# An Indian applying for family reunion visa in Germany



## RSEN

Hi,

I am an Indian national currently doing an Internship in Germany on German national Visa Type D. I am also married to a German citizen and my marriage certificate is from Denmark (Apostilled by the MEA Denmark).

Now to get a longer stay in Germany, I have applied for an Aufenthaltserlaubnis at the Ausländerbehörde in Stuttgart. At the same time I have also acquired a Job contract but in a different field. I am an engineer from the energy field but the Job contract is on mechanical design work. 

I earlier took an appointment for Job Permit visa/blue Card visa. But later went and and changed it to marriage/spouse/Family reunion visa (Aufenthaltserlaubnis) 

Now my internship visa ends on 31st December 2014 and I have my appointment on 16th Decemeber 2014. The Lady at the Ausländerbehörde in Stuttgart told me to bring all documents relevant to marriage and also work, and then they will see what can be done.

I changed the reason for Aufenthaltserlaubnis as the Lady at the Counter told me that I have more freedom with Family visa as that would give me freedom and flexibility to quit and Change Jobs and also to Study if I want to.
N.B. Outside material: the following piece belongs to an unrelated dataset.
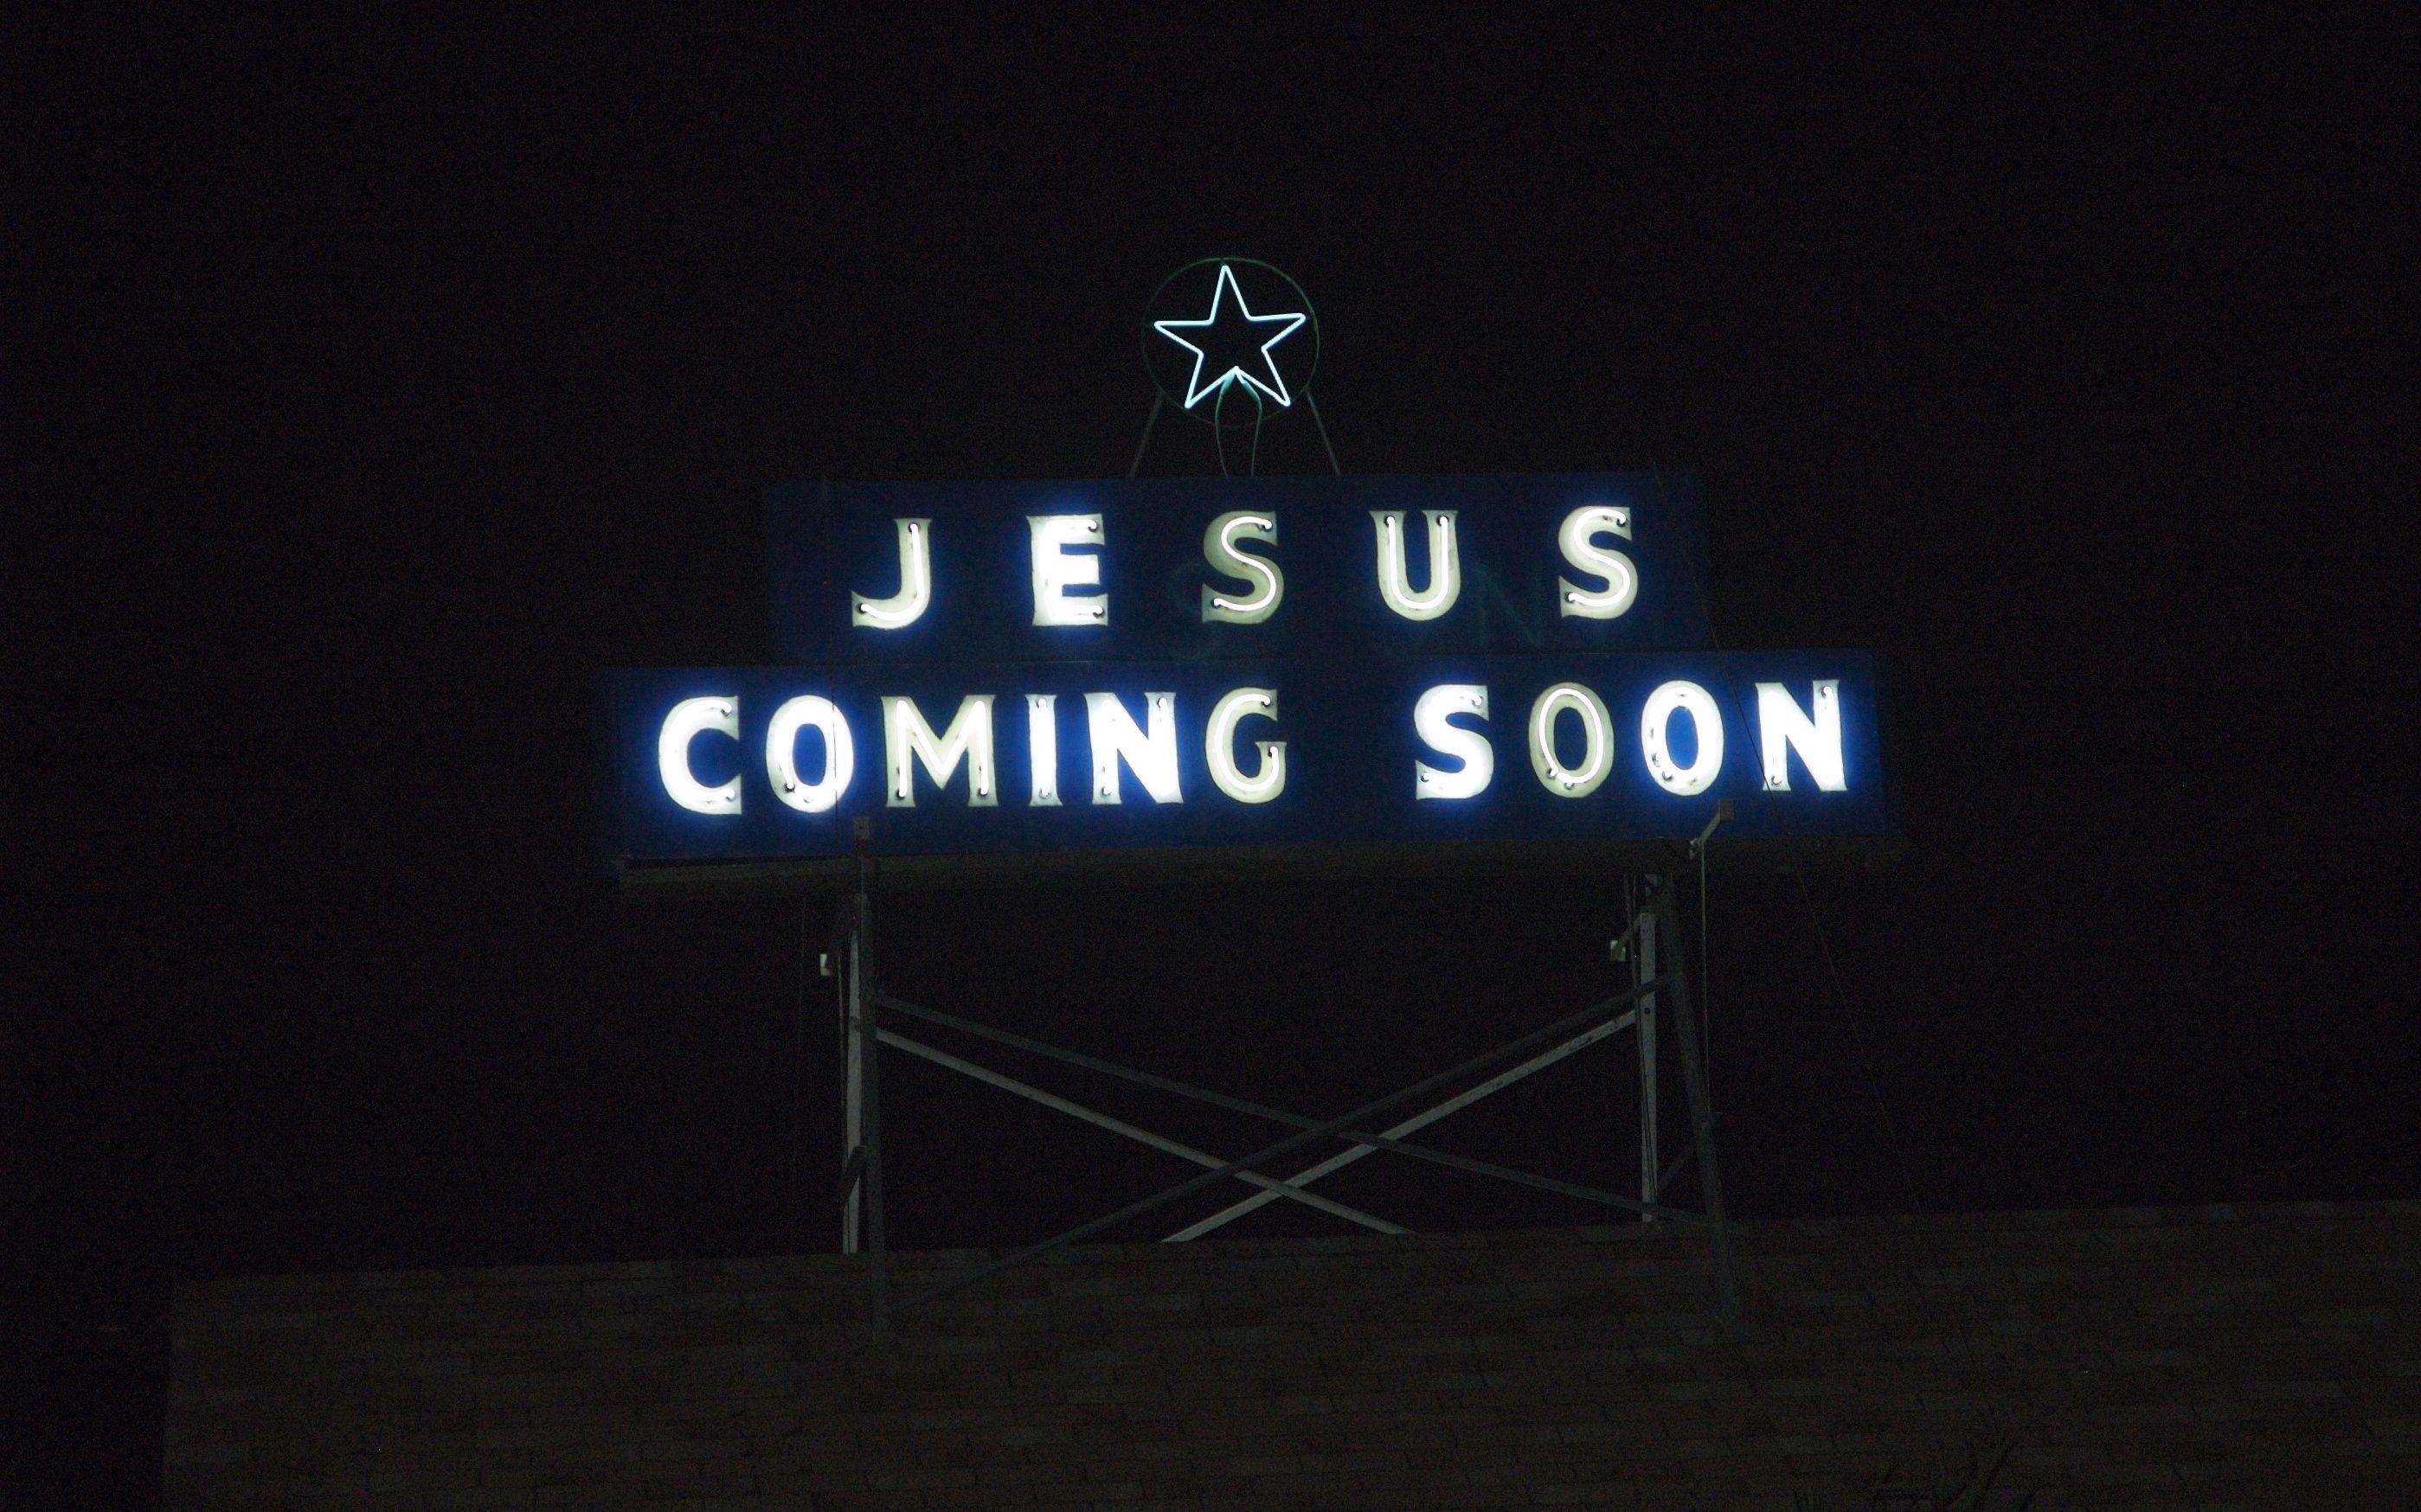 Jesus Coming Soon Wallpapers Wallpaper Cave

But now I am really nervous and confused as to want is going to happen and what could I do extra to get my PR/VISA-Aufenthaltserlaubnis stamped OK.

With less than 10 days to go, I am looking for some expert expat advise. Could anyone of you tell me what are my chances? And what should I do to make sure I get the VISA.

I look forward to your kind replies.

Thanks & Regards
RS.


----------



## ALKB

RSEN said:


> Hi,
> 
> I am an Indian national currently doing an Internship in Germany on German national Visa Type D. I am also married to a German citizen and my marriage certificate is from Denmark (Apostilled by the MEA Denmark).
> 
> Now to get a longer stay in Germany, I have applied for an Aufenthaltserlaubnis at the Ausländerbehörde in Stuttgart. At the same time I have also acquired a Job contract but in a different field. I am an engineer from the energy field but the Job contract is on mechanical design work.
> 
> I earlier took an appointment for Job Permit visa/blue Card visa. But later went and and changed it to marriage/spouse/Family reunion visa (Aufenthaltserlaubnis)
> 
> Now my internship visa ends on 31st December 2014 and I have my appointment on 16th Decemeber 2014. The Lady at the Ausländerbehörde in Stuttgart told me to bring all documents relevant to marriage and also work, and then they will see what can be done.
> 
> I changed the reason for Aufenthaltserlaubnis as the Lady at the Counter told me that I have more freedom with Family visa as that would give me freedom and flexibility to quit and Change Jobs and also to Study if I want to.
> 
> But now I am really nervous and confused as to want is going to happen and what could I do extra to get my PR/VISA-Aufenthaltserlaubnis stamped OK.
> 
> With less than 10 days to go, I am looking for some expert expat advise. Could anyone of you tell me what are my chances? And what should I do to make sure I get the VISA.
> 
> I look forward to your kind replies.
> 
> Thanks & Regards
> RS.


No need to be nervous.

Your spouse needs to accompany you to the appointment.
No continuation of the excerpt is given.